**** STUDY MATERIAL
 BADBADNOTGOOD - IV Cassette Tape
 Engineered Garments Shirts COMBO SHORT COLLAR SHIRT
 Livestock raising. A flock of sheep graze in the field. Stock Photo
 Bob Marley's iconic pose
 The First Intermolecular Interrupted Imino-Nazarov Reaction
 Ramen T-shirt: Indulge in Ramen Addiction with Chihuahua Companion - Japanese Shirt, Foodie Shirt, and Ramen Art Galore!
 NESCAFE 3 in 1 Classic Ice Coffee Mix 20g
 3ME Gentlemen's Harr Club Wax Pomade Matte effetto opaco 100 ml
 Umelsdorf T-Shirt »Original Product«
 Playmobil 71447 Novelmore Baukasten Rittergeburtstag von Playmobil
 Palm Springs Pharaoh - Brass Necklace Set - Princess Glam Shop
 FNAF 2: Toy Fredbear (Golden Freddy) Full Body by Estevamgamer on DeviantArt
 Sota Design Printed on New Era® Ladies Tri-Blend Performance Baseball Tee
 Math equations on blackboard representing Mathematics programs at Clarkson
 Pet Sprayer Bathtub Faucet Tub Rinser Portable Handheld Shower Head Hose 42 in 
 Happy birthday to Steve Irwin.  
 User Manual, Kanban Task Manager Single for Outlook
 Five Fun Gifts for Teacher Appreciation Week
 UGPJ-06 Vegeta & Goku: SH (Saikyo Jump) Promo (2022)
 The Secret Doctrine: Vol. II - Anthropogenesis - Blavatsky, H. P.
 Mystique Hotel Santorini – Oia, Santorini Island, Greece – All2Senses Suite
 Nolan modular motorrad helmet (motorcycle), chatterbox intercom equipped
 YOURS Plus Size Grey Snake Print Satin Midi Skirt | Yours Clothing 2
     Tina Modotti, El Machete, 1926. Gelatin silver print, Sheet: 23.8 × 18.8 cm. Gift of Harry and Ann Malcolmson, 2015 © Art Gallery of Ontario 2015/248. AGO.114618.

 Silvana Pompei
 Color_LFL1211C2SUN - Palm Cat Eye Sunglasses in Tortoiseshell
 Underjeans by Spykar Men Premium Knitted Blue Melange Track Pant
********
### [THE TASK]
One inclusive range is required: first line of the data through the line containing "FNAF 2: Toy". Set it down exactly and output nothing else.

### [FINAL ANSWER]
 BADBADNOTGOOD - IV Cassette Tape
 Engineered Garments Shirts COMBO SHORT COLLAR SHIRT
 Livestock raising. A flock of sheep graze in the field. Stock Photo
 Bob Marley's iconic pose
 The First Intermolecular Interrupted Imino-Nazarov Reaction
 Ramen T-shirt: Indulge in Ramen Addiction with Chihuahua Companion - Japanese Shirt, Foodie Shirt, and Ramen Art Galore!
 NESCAFE 3 in 1 Classic Ice Coffee Mix 20g
 3ME Gentlemen's Harr Club Wax Pomade Matte effetto opaco 100 ml
 Umelsdorf T-Shirt »Original Product«
 Playmobil 71447 Novelmore Baukasten Rittergeburtstag von Playmobil
 Palm Springs Pharaoh - Brass Necklace Set - Princess Glam Shop
 FNAF 2: Toy Fredbear (Golden Freddy) Full Body by Estevamgamer on DeviantArt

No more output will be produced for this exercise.